- [Supplied data]
◆ ◆ ◆ ◆ ◆ ◆ ◆

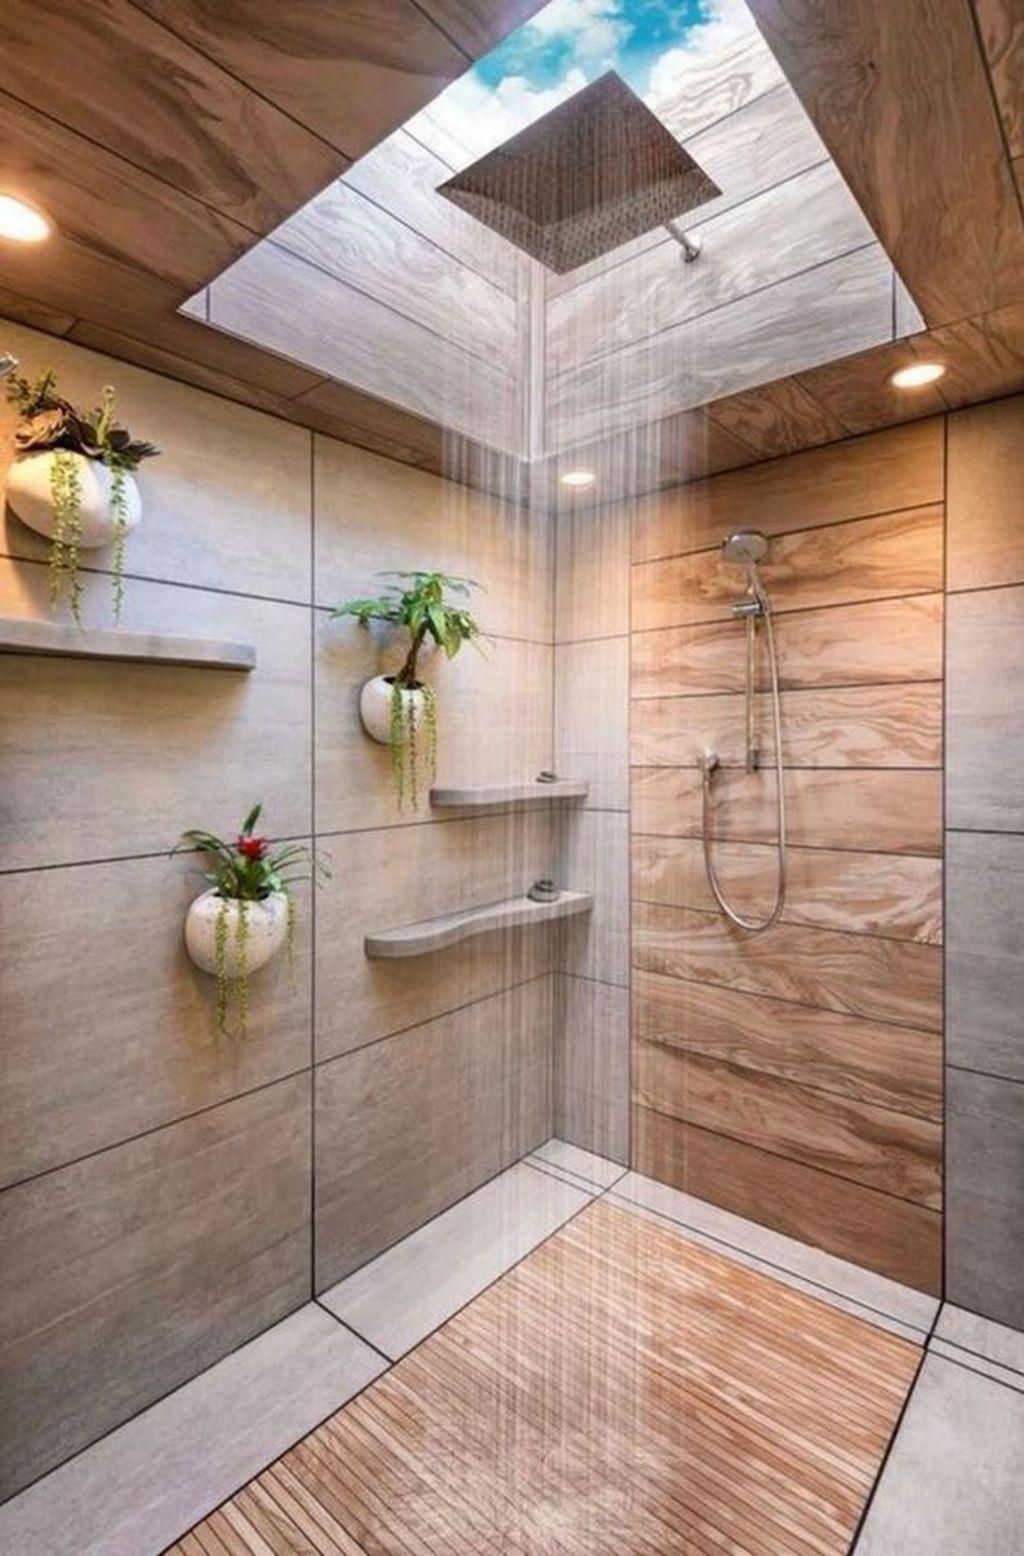 40 Stunning Bathroom Shower Design Ideas For Your Home House Bathroom Modern Bathroom Design Home
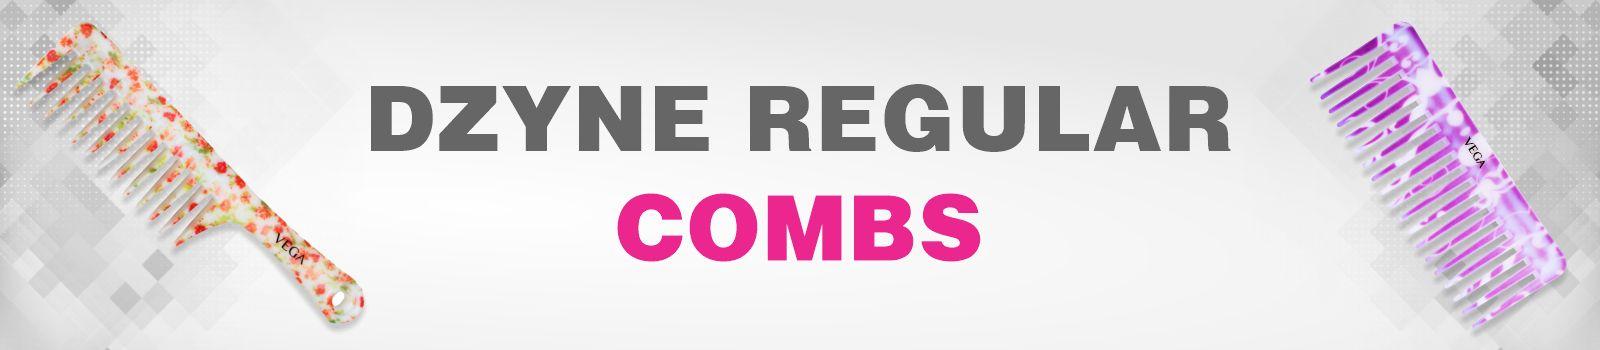 Dzyne Regular Combs
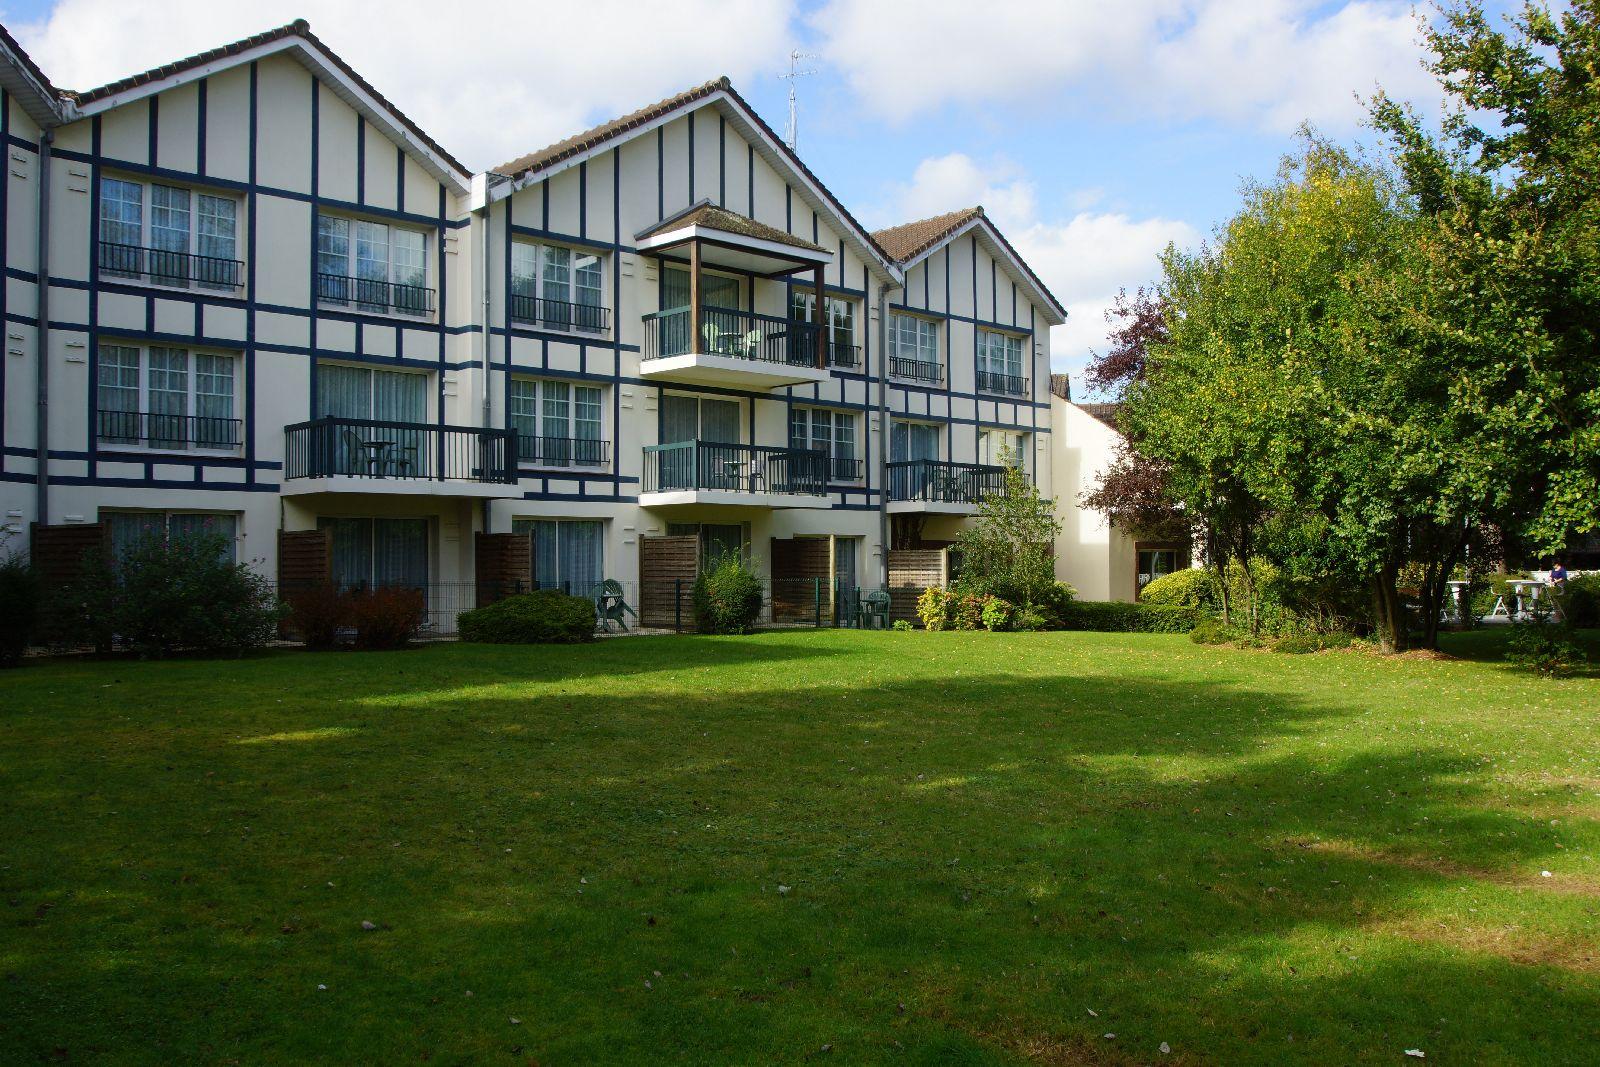 golf-expedition-golf-reizen-frankrijk-regio-pas-de-calais-hotel-du-parc-vooraanzicht-hotel-grasveld.jpg

◆ ◆ ◆ ◆ ◆ ◆ ◆

- [Action item]
Before you return the listing exactly, strip out its pictures.

- [Answer to the problem]
 40 Stunning Bathroom Shower Design Ideas For Your Home House Bathroom Modern Bathroom Design Home
 Dzyne Regular Combs
 golf-expedition-golf-reizen-frankrijk-regio-pas-de-calais-hotel-du-parc-vooraanzicht-hotel-grasveld.jpg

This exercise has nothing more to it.